The relationship between hours per patient day and patient satisfaction.
In recent years, the relationship between patient satisfaction and the number of hours per patient day has been a topic of much debate in the medical community. Some experts believe that there is a direct correlation between the number of hours per patient day and patient satisfaction, while others claim that this is not always the case. In order to better understand this relationship, a study was conducted in which patient satisfaction was measured based on the number of hours per patient day. The results of this study showed that there is a significant positive correlation between the two variables. This means that as the number of hours per patient day decreases, patient satisfaction also decreases.

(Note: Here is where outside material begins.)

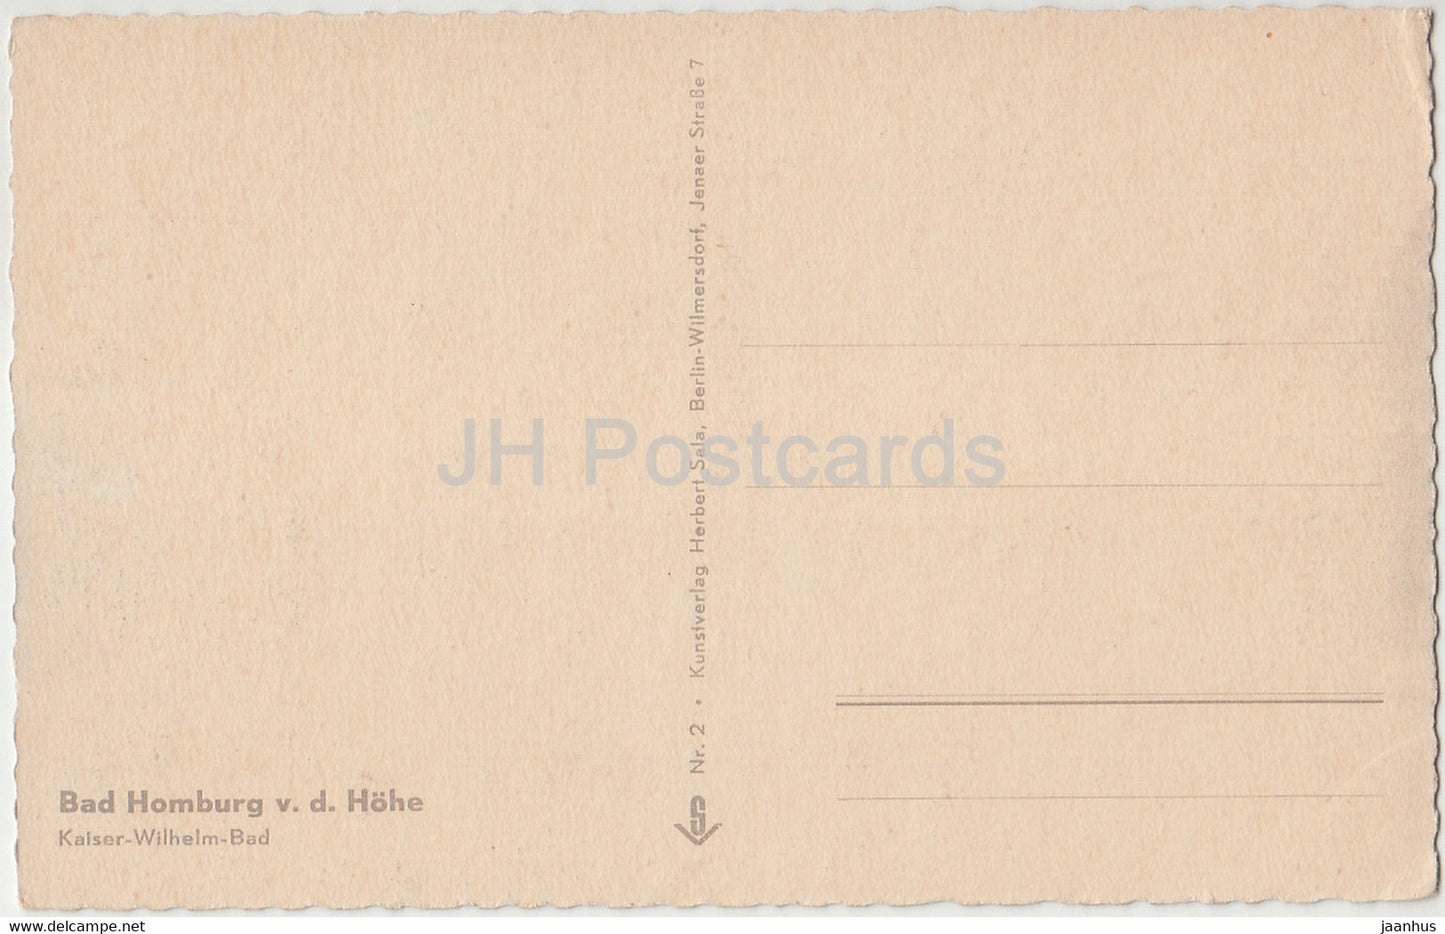 Bad Homburg v d Hohe - Kaiser Wilhelm Bad - old postcard - Germany - unused

Patient satisfaction is an important measure of healthcare quality and patient outcomes. Satisfaction surveys are used to identify problems and improve patient care. Surveys can be conducted by patients, families, or healthcare providers. Healthcare organizations can also measure satisfaction themselves through surveys or focus groups with patients. There are a number of factors that affect patient satisfaction, including hours per patient day.
Studies have found that shorter hours per day result in higher levels of satisfaction for patients. This is likely because shorter hours allow more time for interactions with the healthcare provider and provide a sense of continuity of care.